Air samples from a south-central Phoenix neighborhood confirm residents’ complaints that a hazardous air pollutant is hovering in the area.
But distrustful residents doubted the results, revealed last week by state environmental officials at the initial meeting of a project to reduce toxic exposure in south Phoenix.
Rain on three of the five testing days in late February fueled the residents’ skepticism.
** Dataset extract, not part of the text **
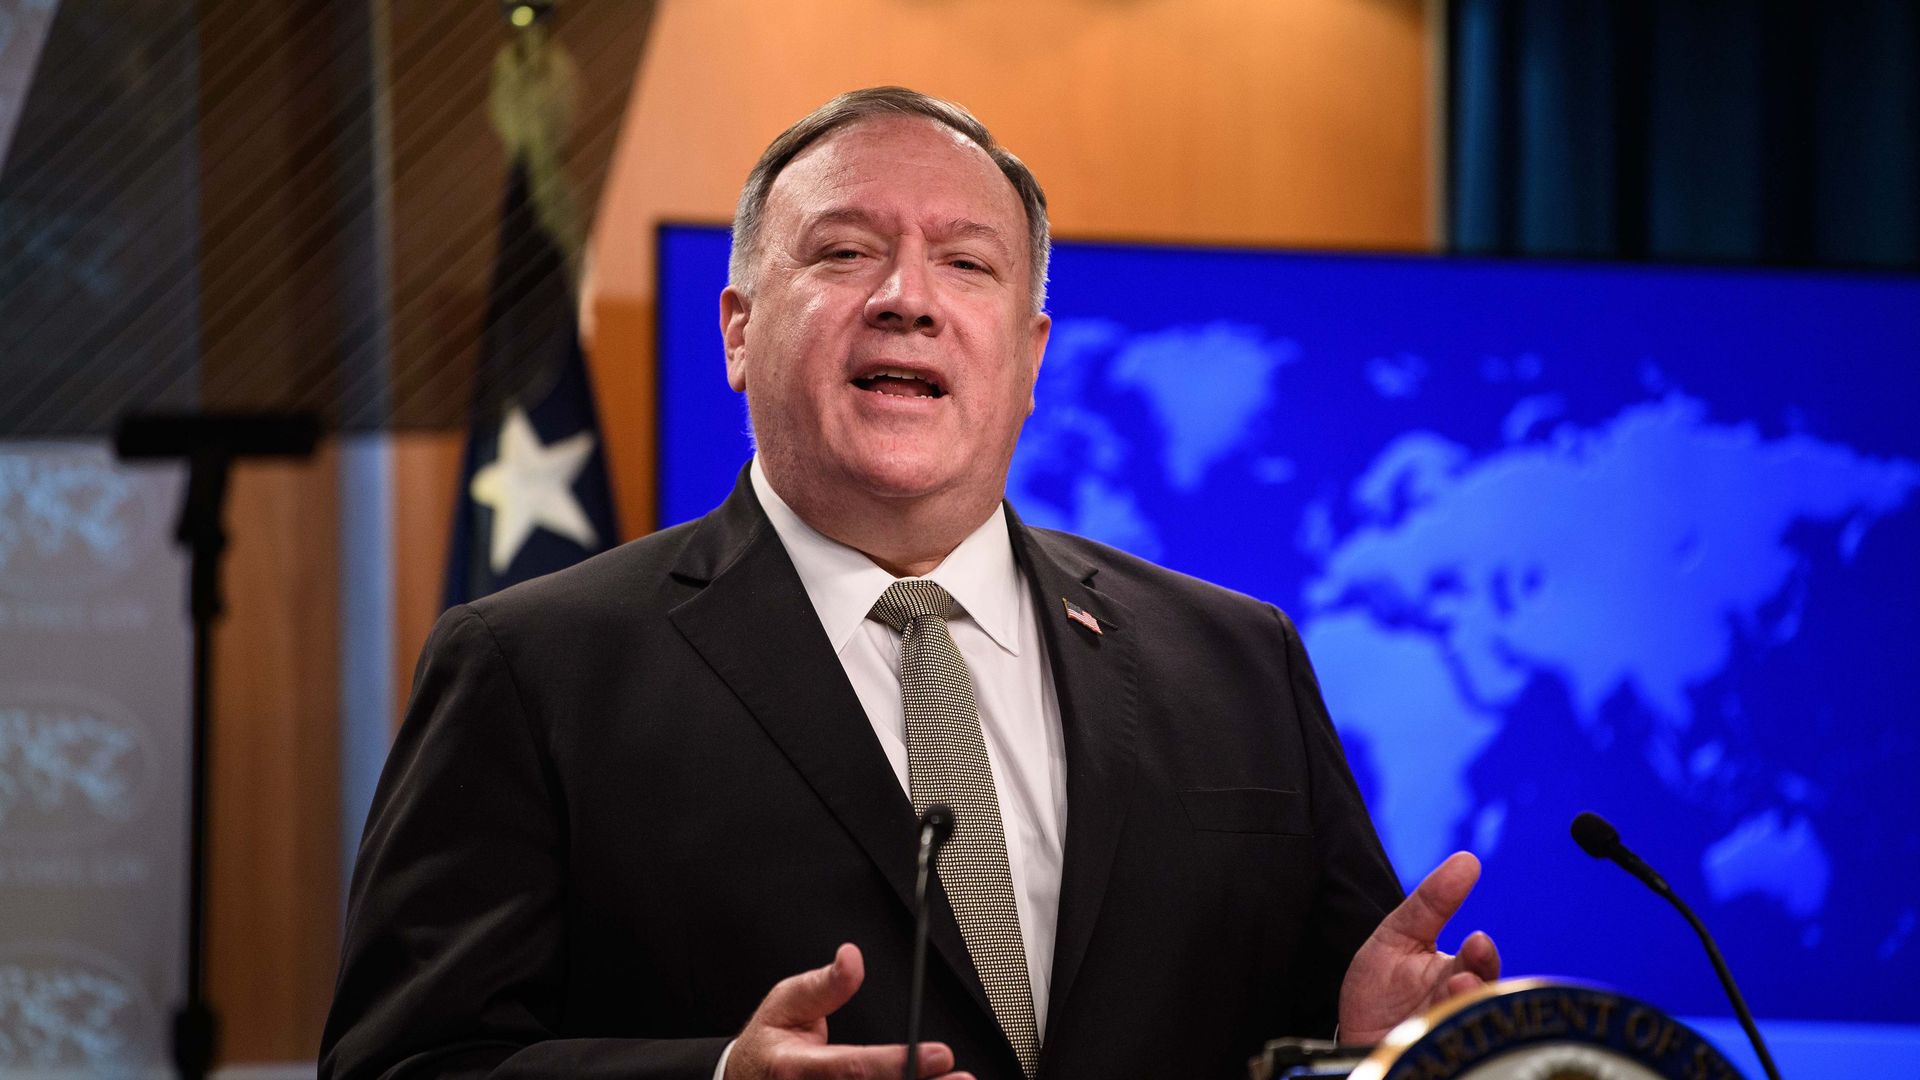 Secretary of State Mike Pompeo speaking in a press room

Many viewing the results last Thursday thought the rain negated the air-pollution findings, even though the results tracked with their long-standing beliefs.
Arizona Department of Environmental Quality scientists tested for hydrogen fluoride emissions outside a private residence near the Phoenix Brickyard, Seventh Avenue and Mohave Street.
Although the samples showed levels of the pollutant were generally low, there was a spike on one of the rainy days when the chemical approached the limit of the state’s health-based guideline.
Hydrogen fluoride is a byproduct of the baking process that converts clay into brick. In its gaseous form, it can irritate the eyes and respiratory system, creating a burning sensation. In acute exposures, it can cause swelling in the lungs.
Pauline Taffeta, one of the members of the newly formed Community Action Council, called the results bogus because the three days of rain should wash out the air-sampling results.
“I don’t think a five-day study tells you anything that is meaningful,” said Greta Rogers, another council member.
But Dray Anderson, a scientist with the state environmental agency, said gases such as hydrogen fluoride persist even in rain.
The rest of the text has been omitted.